A little background here first though just to set everyone's mind at ease. I've had Midnight in to the Vet a number of times, not just for routine check-ups & shots, but for complete work ups, the last one was just last month. I just wanted to know in my own gut that he was healthy & not suffering with a food allergy. Well, it seems he is just fine except he has a "sensitivity" (not allergy) to corn and possibly wheat. The Vet is not sure but she was certainly impressed with the fact that I had already told her I wanted to get Midnight off of white grains and corn. In fact the Vet offered Midnight a kibble of "Science Diet" and he just smelled it and then turned his nose up at it, he just refused to eat it.

You my friend, might just be on to something here though. Fromm has CHEESE and Midnight LOVES cheese. Plus, one of their foods has BROWN rice, not white. I mean, I even refuse to eat white rice. Plus, it is really not priced that bad either. Sure beats the $16 to $19 a 4 lb bag brand that he just refused to touch AND I can have it shipped to the house too.

I may just take another person's idea and do a 24 hr fast followed by the switch to Fromm. At least I will feel better about the quality he is getting and YES you are right it DEFINITELY helps that Fromm has never been recalled.

Again, thank you!!!!!


----------



## Midnight (Jul 4, 2011)

brindle said:


> Dog is spoiled. You need to place the food down for 10-15 minutes and if he doesn't eat it, take it away. I had a foster attempt this with me and it took four days, by the fifth he ate like he was starving (he was probably pretty hungry).
> If a dog is healthy (have you taken him to the vet lately to be sure he is healthy), then he will eat eventually.
> This is not a human being we are talking about...


OH YES, Midnight has been to the vet, just last month, for a total work up to make sure he was healthy. The vet said "he might have a sensitivity to wheat and/or corn" but isn't showing the "classic signs of allergies". In fact she offered him a kibble of "Science Diet" and he turned his nose up at it.

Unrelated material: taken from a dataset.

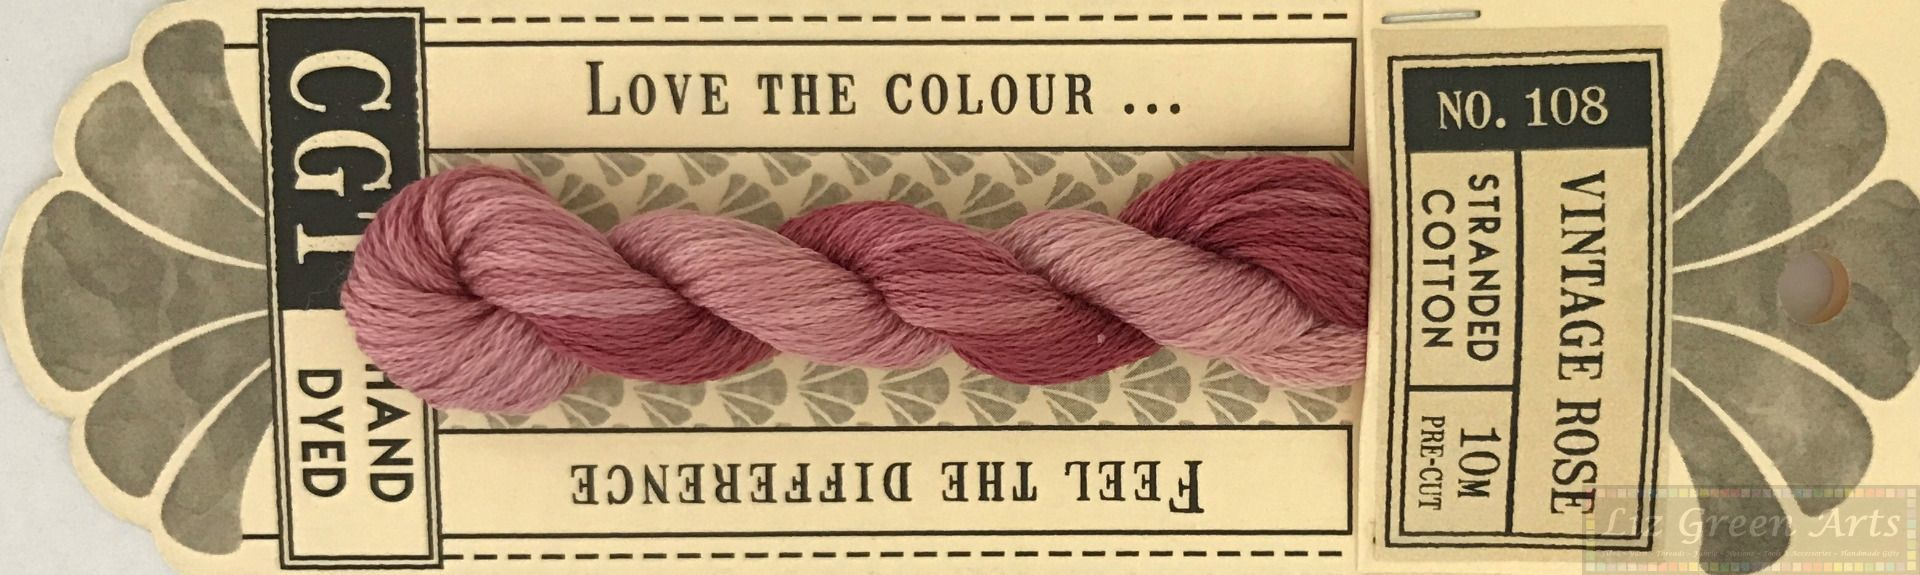 Borduurwol - Emboidery wool

I think "PDXdogmom" had a great suggestion with Fromm. Midnight LOVES cheese AND I can have it shipped to the house (there are times when that would be a MAJOR plus for me) and it's never been recalled?? Oh yeah, we like this. Plus, it is really not a bad price at all and yes I may well do the fasting thing for 24 to 48 hours and then do the switch over cold-turkey. BTW, you tell him he isn't human!!  He may differ with you. (Kidding of course.)


----------



## Sapphire-Light (Aug 8, 2010)

How is Midnight eating now?

A thing that has helped me a lot wit my picky is to have at least 2 different bags of opened kibble, so you feed brand #1 in the morning and brand #2 at night

Have you tried mixing dehydrated food? you can use the dehydrated food, for example use two spoons add water and then you add it to the dry kibble, this way it makes like a broth to add extra flavor to the kibble, Pompadour liked a lot the mix from Sojos however I haven't seen it anymore were I live 

Raw Dog Food - All Natural, Grain-Free Dog Food from Sojos


----------



## Herzo (Feb 5, 2011)

I was wondering the same thing, have you tried a topper in his food? I always add something.


----------